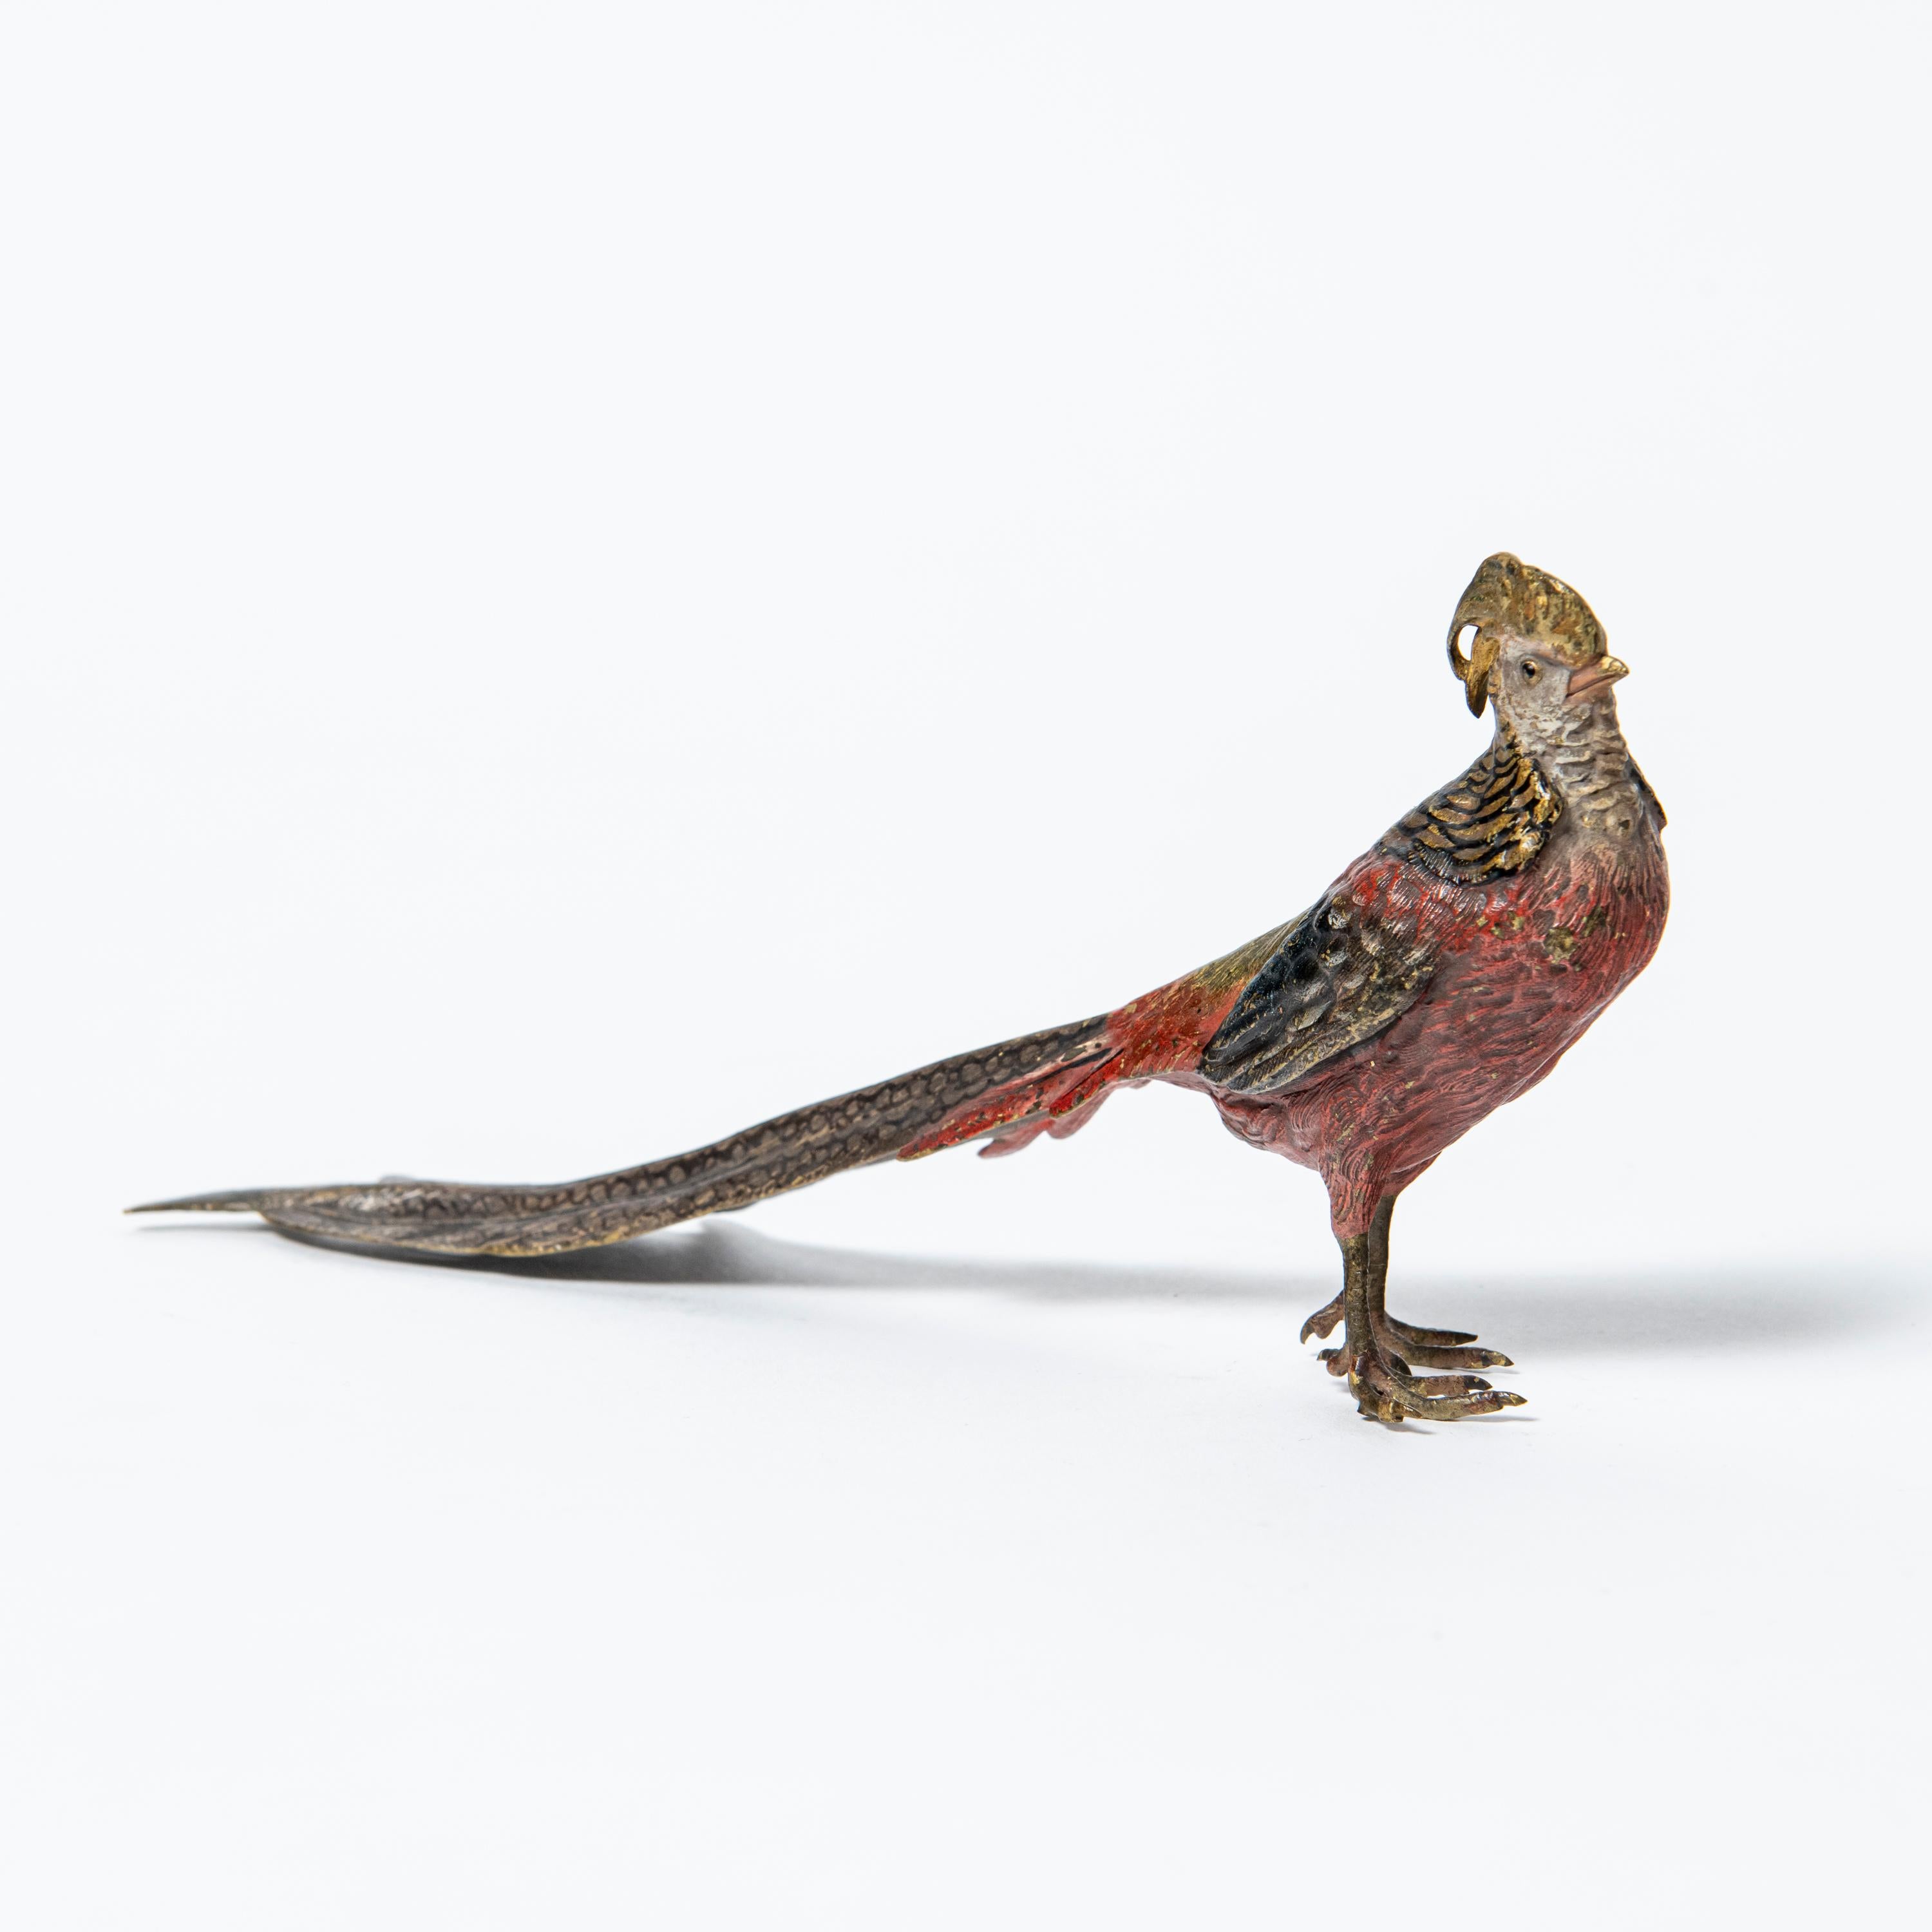 Cold-painted bronze pheasant sculpture attributed to Franz Bergmann. Austria, early 20th century.
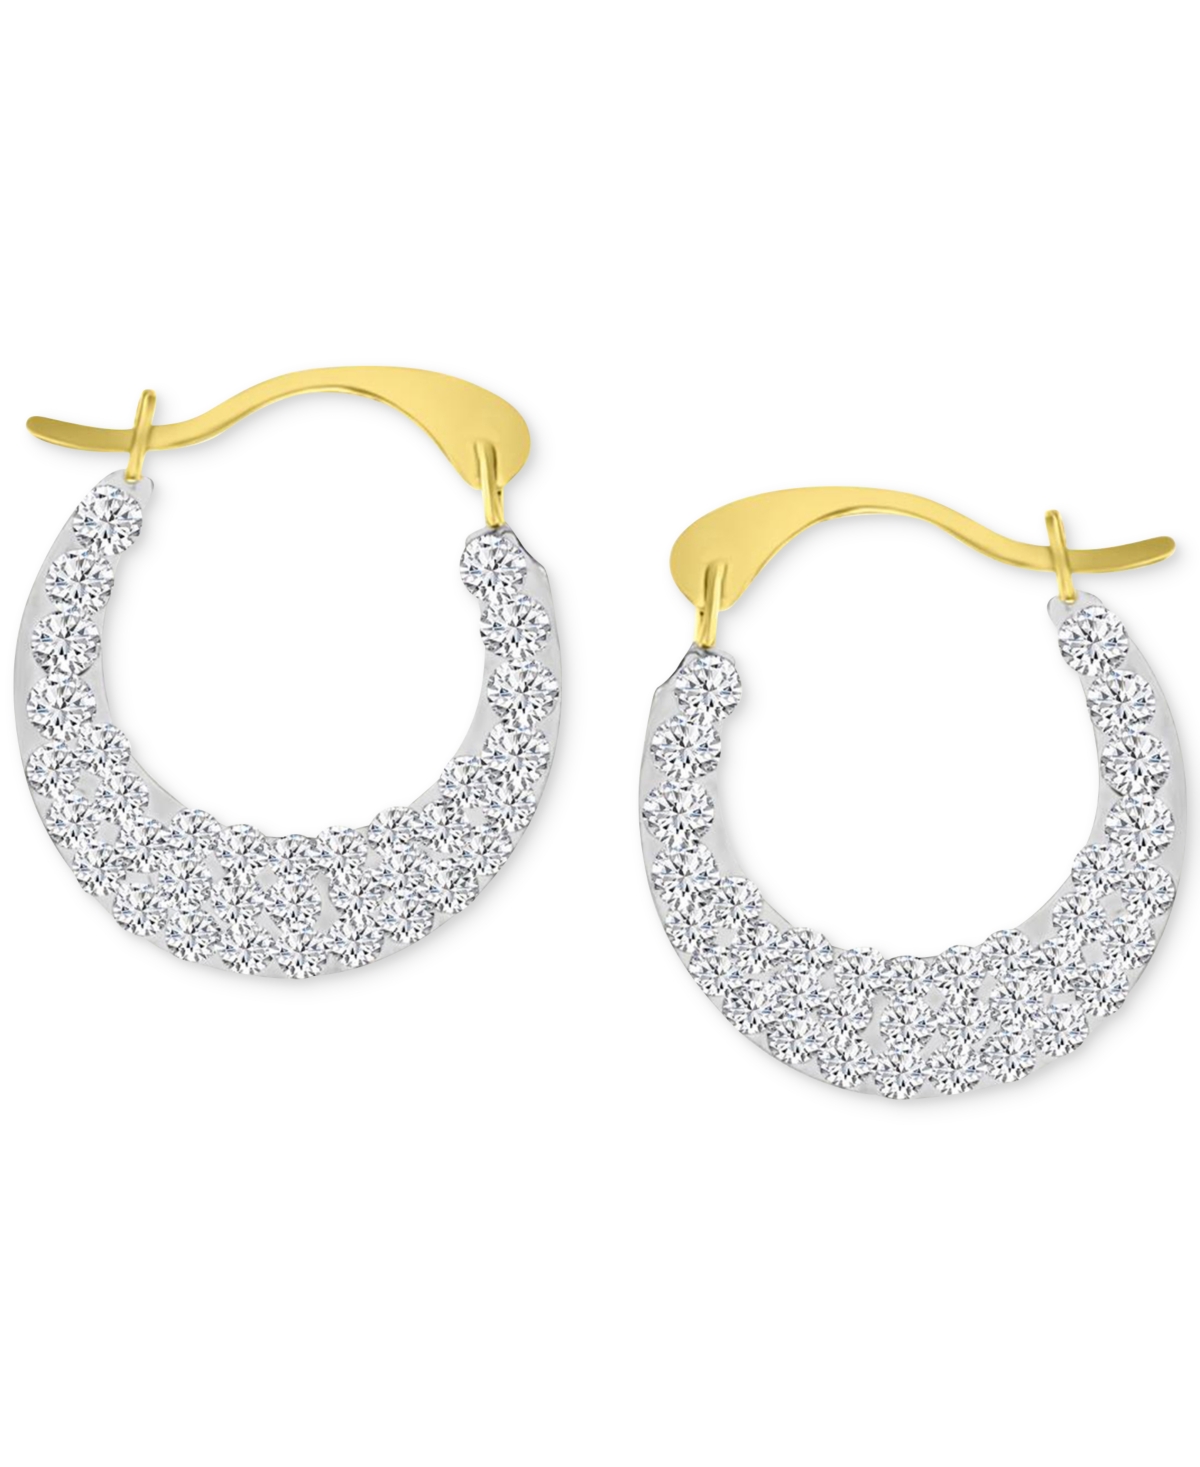 Crystal Pave Small Round Hoop Earrings in 10k Gold, 0.57" - Gold
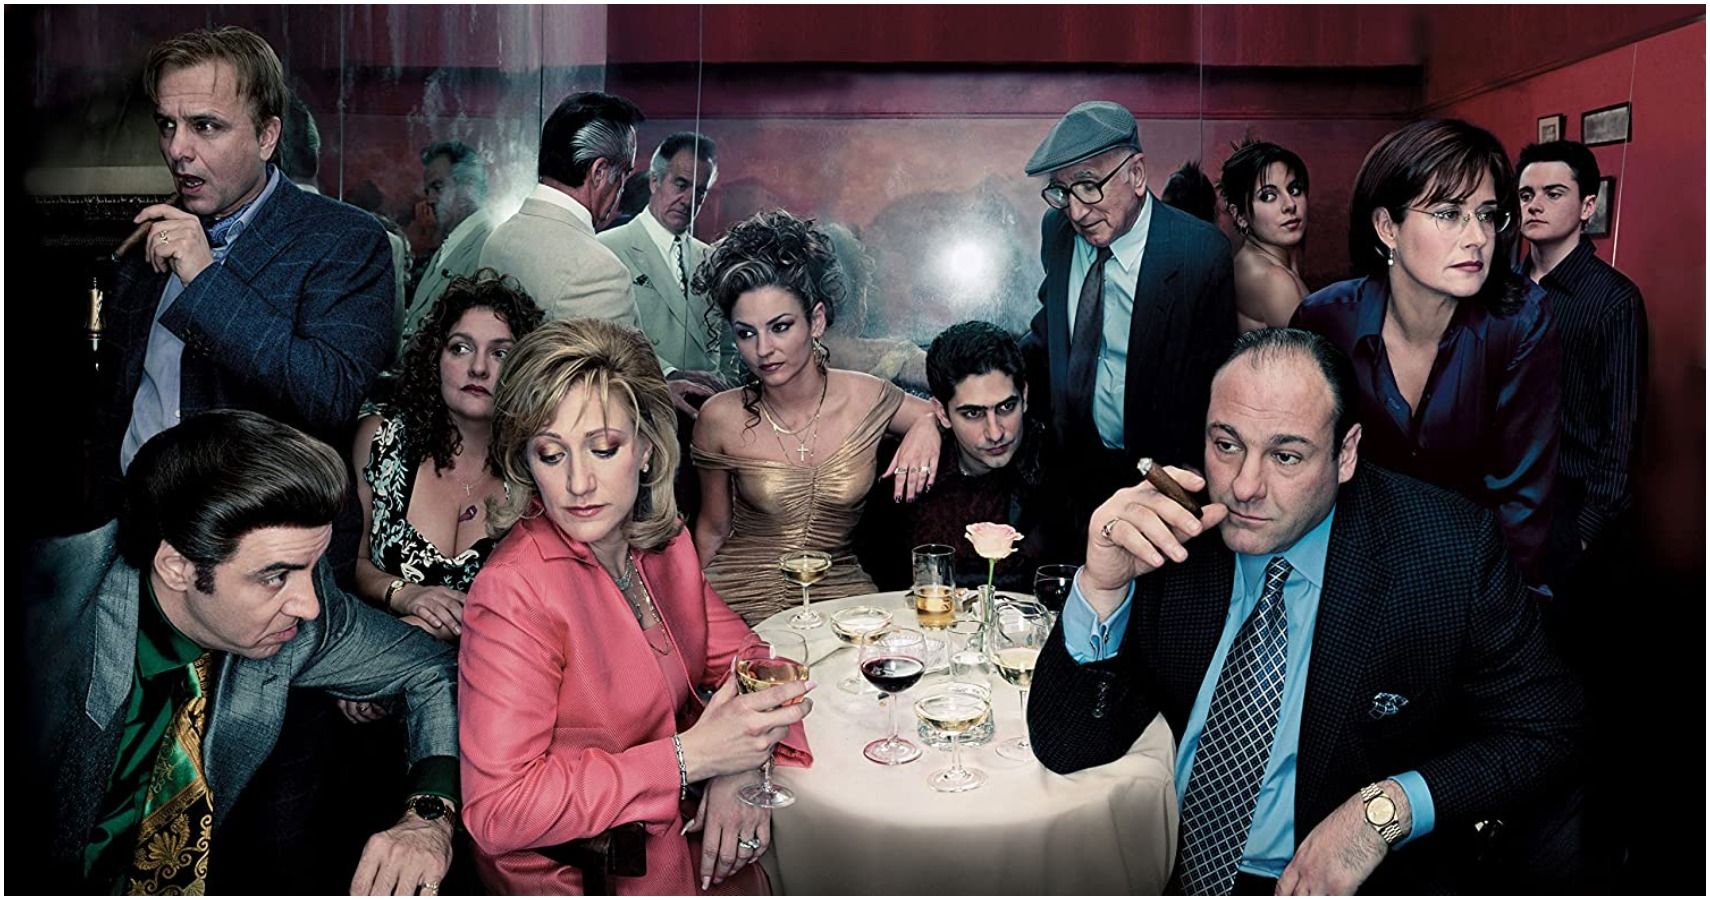 The Sopranos 10 Unpopular Opinions About The Show (According To Reddit)
===
The pictures should not be reproduced; quote all of the other material exactly.

 Cold-painted bronze pheasant sculpture attributed to Franz Bergmann. Austria, early 20th century.
 Crystal Pave Small Round Hoop Earrings in 10k Gold, 0.57" - Gold
 The Sopranos 10 Unpopular Opinions About The Show (According To Reddit)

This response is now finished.